Check out this video of a really, surprised cat. Check out the eyes. And mouth. You know you want to.


From the Sunday Times:

"A senior Labour frontbencher has warned that traditional Labour voters are 'abandoning' Ed Miliband because the party has taken them for granted. Rachel Reeves, the shadow work and pensions secretary, admitted that 'the people who the Labour party was set up to help' are flocking to UKIP because they 'don't see us as the answer'... Speaking at a One Nation conference at Queen Mary, University of London, on Thursday, Reeves said that while 'middle-class, public sector, well educated young graduates' are still voting Labour, 'the people who the Labour party was set up to help [are] abandoning us'."


That's Nick Clegg's verdict on... wait for it... the Lib Dems! Surprised, eh? From the Independent on Sunday:

Nick Clegg will attempt to shore up the dwindling power of the Liberal Democrats tomorrow with a speech telling rival parties that he is 'not interested in coalition at any cost'. The Deputy Prime Minister will launch the Lib Dems' campaign for next year's general election by announcing the first of his party's manifesto pledges. Mr Clegg will remind David Cameron and Ed Miliband that he will still be kingmaker next May if the nation votes for a hung parliament, warning that the Lib Dems are 'the bravest and toughest party in British politics'."

I guess you have to be pretty brave and pretty tough to endure your ninth lost deposit (see Newark, last Thursday) in a single parliament and still be standing.

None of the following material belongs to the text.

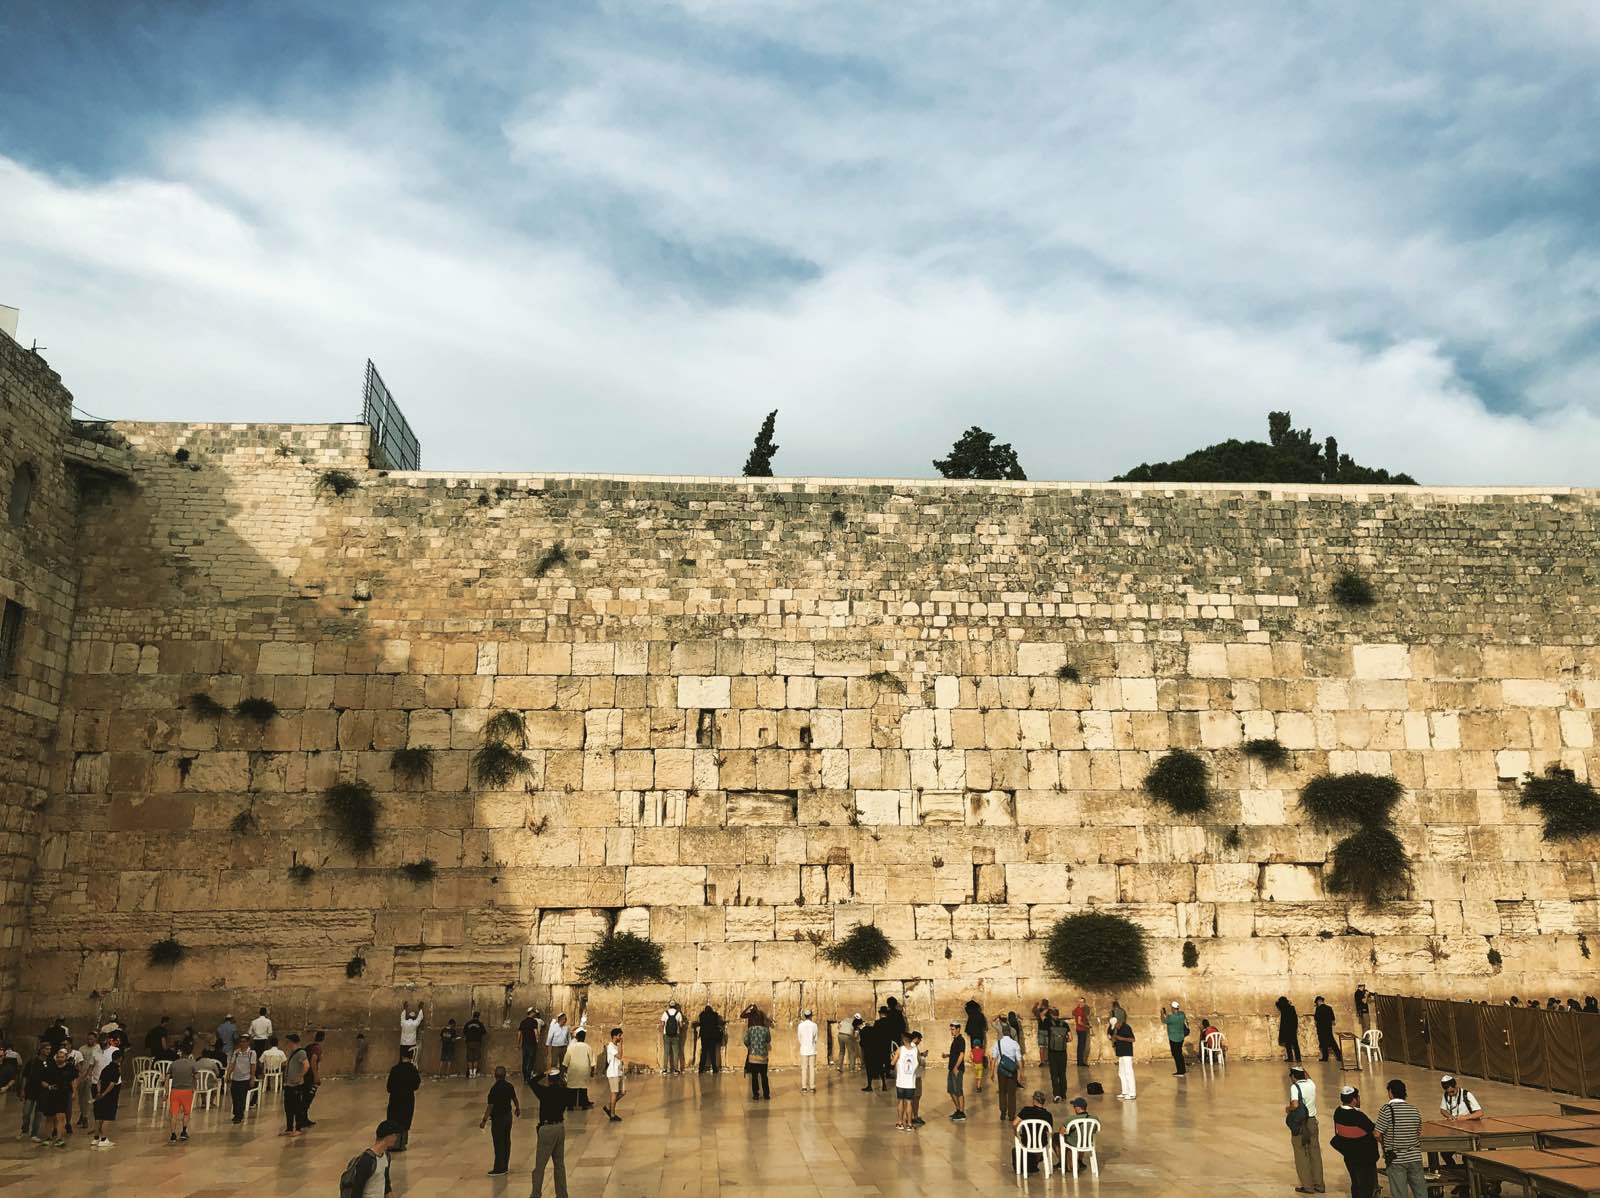 哭墙，犹太教徒至该墙低声祷告，以表示对古神庙的哀悼并期待其恢复的情感…

From the Sunday Times/YouGov poll:

Labour 37

Conservatives 33

Ukip 14

Lib Dems 7

That would give Labour a majority of 44.

From the Observer/Opinium poll:

Labour 35

Conservatives 31

Ukip 19

Lib Dems 6

That would give Labour a majority of 42.


Matthew D'Ancona, writing in the Sunday Telegraph, says: "David Cameron has walked away from a spot of blue-on-blue bovver."

John Prescott, writing in the Sunday Mirror, says: "Michael Gove is the REAL extremist interfering in our schools."

John Rentoul, writing in the Independent on Sunday, says: "Does the result in Newark confirm Ed Miliband as a Neil Kinnock?"